The flywheel can be turned by hand on many microtomes. It also has the advantage that a clean cut is made because the relatively large mass of the flywheel means that differences in the hardness of the specimen do not immediately lead to significant changes in speed in the cut. The rotating flywheel is also integrated in the housing on some newer models. The typical section thickness of the rotary microtome is 1 to 60 µm (possibly up to 300 µm). For hard materials (e.g. embedding in synthetic resins), semi-thin cuts with a thickness in the range of 0.5 µm are possible with good equipment.

Freezing microtome

Cryostat for histotechnology

For sectioning frozen samples, many rotary microtomes can be converted into a so-called freezing or cryomicrotome by adapting a chamber cooled with liquid nitrogen (the sample is practically in an open-top freezer during sectioning). The low temperature is used to increase the hardness of the specimen and thus make it capable of cutting. This mainly affects devices that are suitable for ultramicrotomy or for semi-thin incisions. When creating the sections, both the sample temperature and the knife temperature must be regulated and optimized for the sample material and the section thickness.

In addition, there are also cryostats in histotechnology that are optimized for quick tissue sections and in which the complete microtome is located within the cooling chamber. All work steps from quick freezing to cutting to mounting on a slide take place in the device.

Ultramicrotome

Cutting tape approx. 16 removed ultra-thin cuts (approx. 70 nm thick) on the water surface of a diamond knife
Ultramicrotome for cutting resin-embedded samples for light and electron microscopy

An ultramicrotome is used to produce extremely thin sections and works like a "normal" rotary microtome, but the mechanics are designed for a very fine feed. Instead of a mechanical feed, a feed through the controlled length expansion of the specimen holder by means of heating is also used here. Such extremely thin sections are mainly required for examinations with the transmission electron microscope , and more rarely for light-optical microscopes . The typical thickness of a cut is between 10 and 500  nm . Due to the small thickness of the cuts, it is difficult to remove them directly from the knife. Therefore, the cuts are usually cut on the surface of a liquid (e.g. water) and then fished off. The section thickness and uniformity can be estimated using interference colors.

Vibratome

With vibratoms, the cutting effect is generated by a vibrating blade (e.g. razor blade).
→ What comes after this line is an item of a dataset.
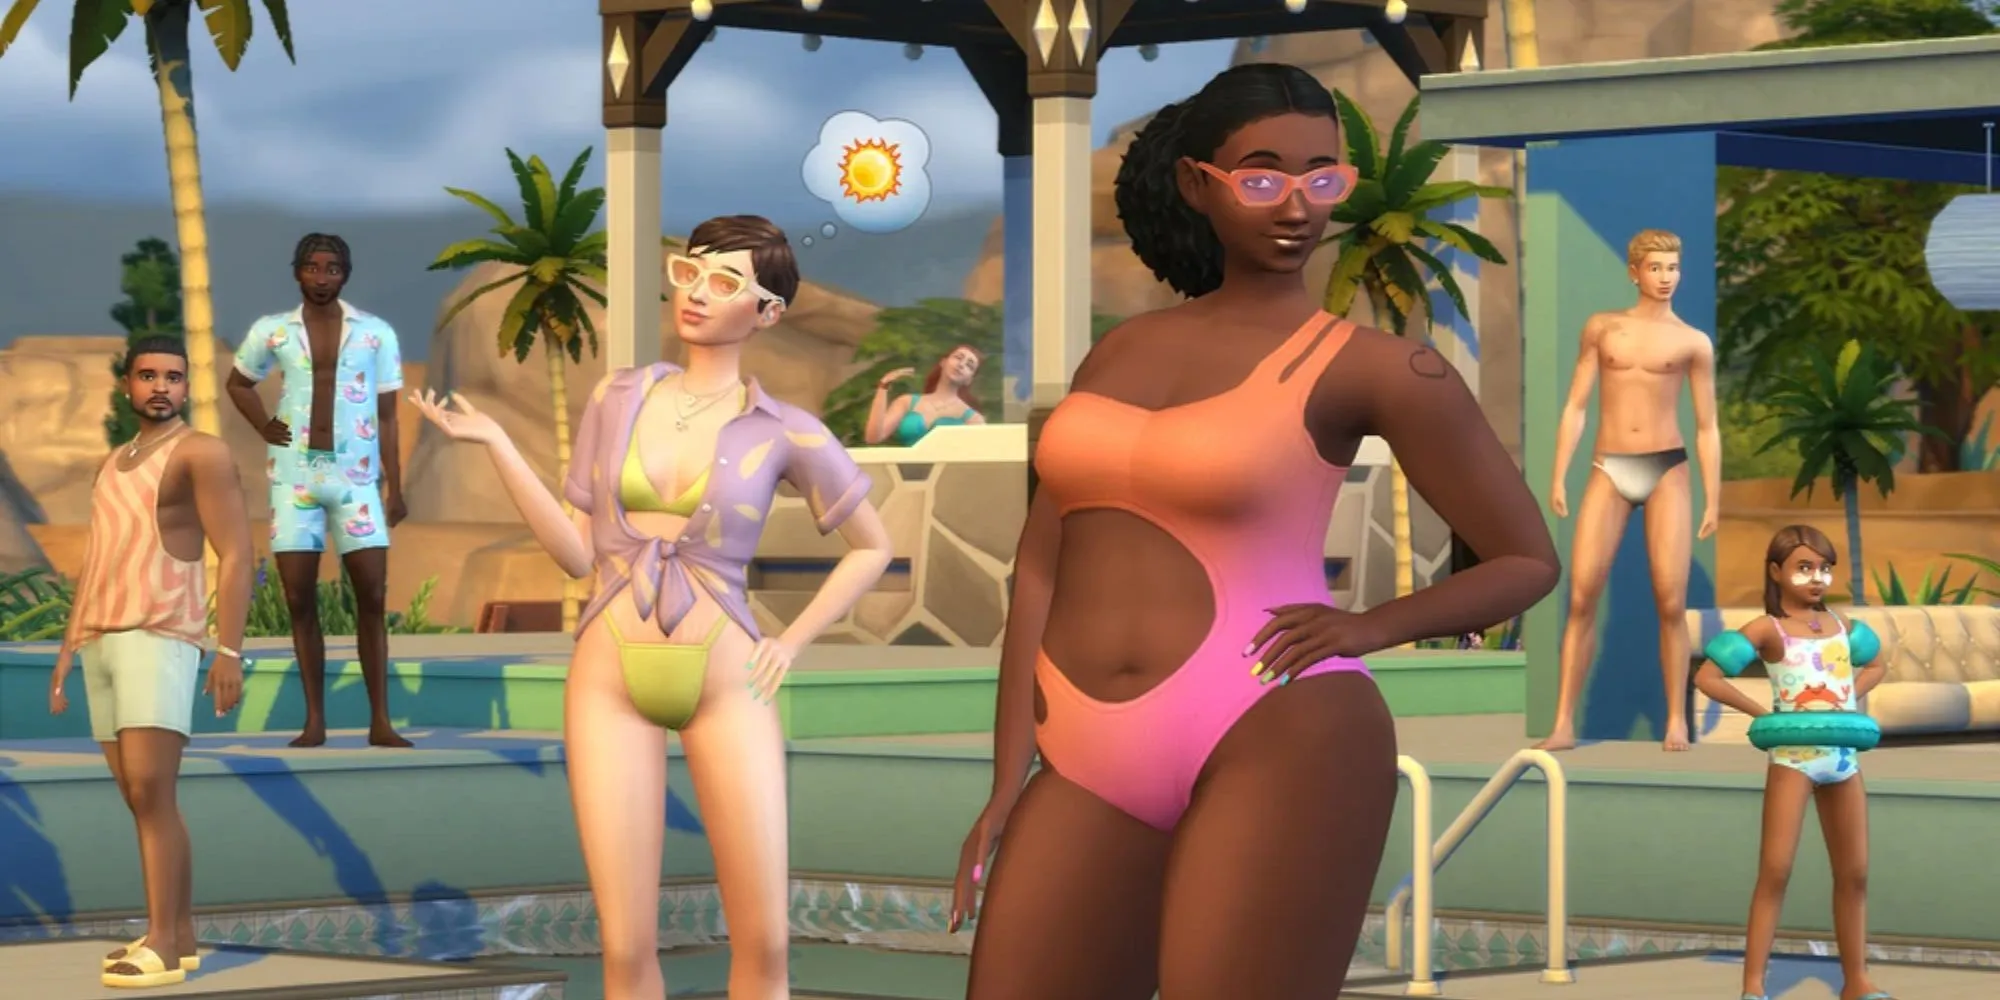 Sims 4 Poolside Splash Kit: Шесть Симов моделируют разную пляжную одежду из набора, включая ребенка на надувном круге и нарукавниках

The cut is made less by pressure than by moving the blade sideways. Vibratome is mainly used for untreated biological samples. Due to the lower mechanical load, there is no need to embed the sample. Due to the vibration, however, the sectional image is usually significantly worse than with the first-mentioned microtome types. The section thickness is over 30 µm.

Saw microtome

The saw microtome is particularly suitable for very hard material such as B. bones and teeth suitable. With microtomes of this type, a diamond-tipped inner diameter saw rotates, which grinds through the specimen at a defined distance. The minimum section thickness is over 30 µm and therefore only allows comparatively coarse cuts.

Laser microtome

The laser microtome is an instrument for non-contact cutting of samples. In addition to the conventional applications of microtomes, it is particularly suitable for cutting biological tissues in their native state (e.g. liver, kidney, skin, etc.). It is not necessary to prepare the samples by embedding, freezing or chemical fixing. This largely prevents the formation of artifacts . On the other hand, very hard materials such as bones and teeth or even ceramics can be 'cut'. Depending on the properties of the sample material, section thicknesses of 10 to 100 µm are currently  possible.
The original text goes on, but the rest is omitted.